L1 loss or SmoothL1Loss?
jonathan016 opened this issue · comments
Hi, I've been reading through the code and I found that L1 loss is used instead of Smooth L1 loss for localization loss. This is quite different from the paper's procedure, where as far as I know SSD uses Smooth L1 loss.
https://github.com/sgrvinod/a-PyTorch-Tutorial-to-Object-Detection/blob/master/model.py#L549
self.smooth_l1 = nn.L1Loss()
https://github.com/sgrvinod/a-PyTorch-Tutorial-to-Object-Detection/blob/master/model.py#L612
loc_loss = self.smooth_l1(predicted_locs[positive_priors], true_locs[positive_priors]) # (), scalar
My questions are:
- Has anyone tried changing the loss function to
SmoothL1Loss
as implemented in PyTorch as of right now? - If it has been tried, is the result similar to what SSD achieves?
Thank you in advance.
@jonathan016 did you try it yet ? I'll try and post result here once I have some results.

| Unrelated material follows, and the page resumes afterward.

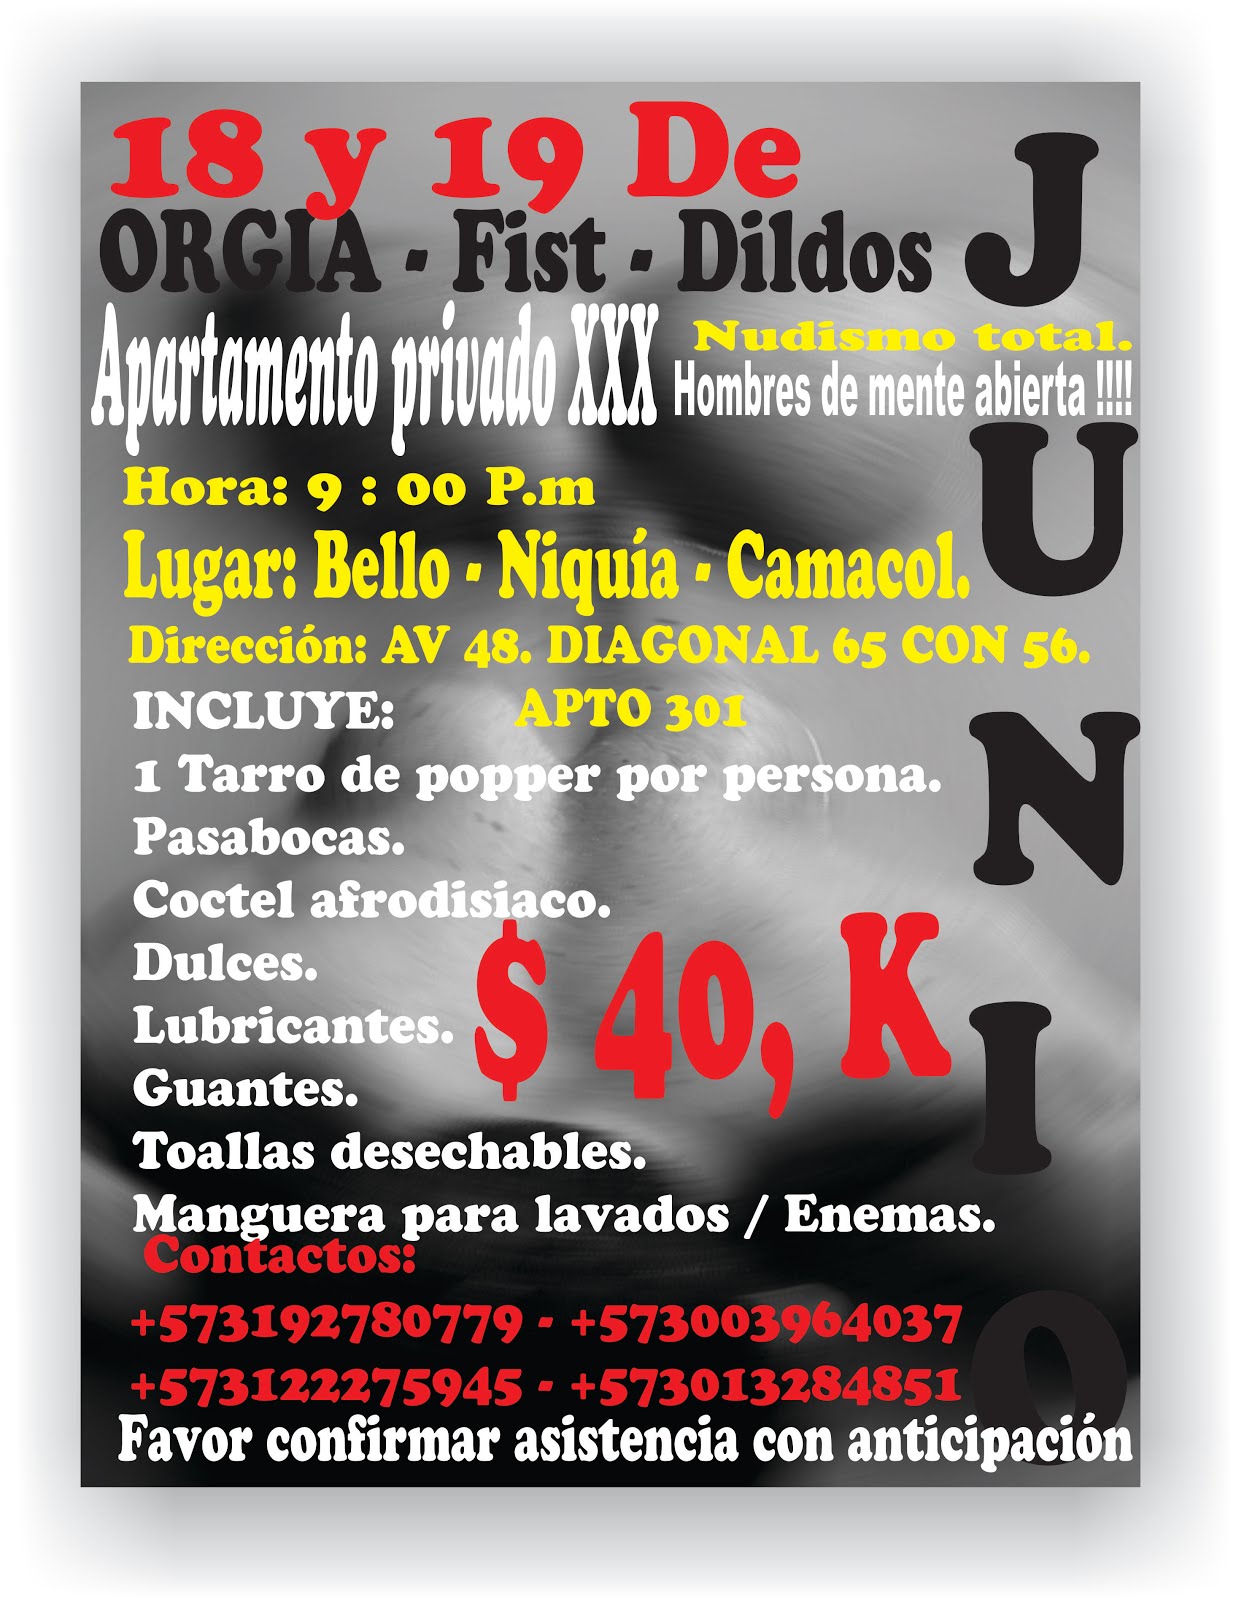 Medellin !!!! ACTIVOS, PASIVOS, VERSATILES !!!! CORDIALMENTE: Son Bienvenidos ………………. En Kueros !!!

Hi @adityag6994 , I didn't try it due to my research's limited resources and time. However, using L1Loss
seems to still help the learning process from what I observed in my experiments. I look forward to seeing the results you obtained from using SmoothL1Loss
Okay, I started the experiment will have something by tomorrow. Same, L1Loss worked for me on the dateset I tried it on.
Side question, I just noticed there is no Softmax being used when calculating cross Entropy https://github.com/sgrvinod/a-PyTorch-Tutorial-to-Object-Detection/blob/master/model.py#L629, do you have any idea, or am I missing something here ?
Thanks,
Aditya
@jonathan016 so I changed https://github.com/sgrvinod/a-PyTorch-Tutorial-to-Object-Detection/blob/master/model.py#L549
self.smooth_l1 = nn.L1Loss()
to this
self.smooth_l1 = nn.SmoothL1Loss()
and there was less than 1% drop on Mean Average Precision (mAP)
for me.
Wow, that's interesting @adityag6994, thanks for the experiment! At least now we know which works best for your case, since different datasets may require different approach 😁
Anyway, softmax is calculated implicitly in CrossEntropyLoss
as CrossEntropyLoss
is actualy LogSoftmax
applied with NLLLoss
if I'm not mistaken (see https://pytorch.org/docs/master/nn.html#torch.nn.CrossEntropyLoss). With that said, when inferencing, you need to explicitly apply softmax function to the model's output if you're going after probability values.
That makes sense now. Thank you @jonathan016
With the experiment results provided by @adityag6994, I believe my questions have been answered. Closing this issue for now. Thanks a lot @adityag6994!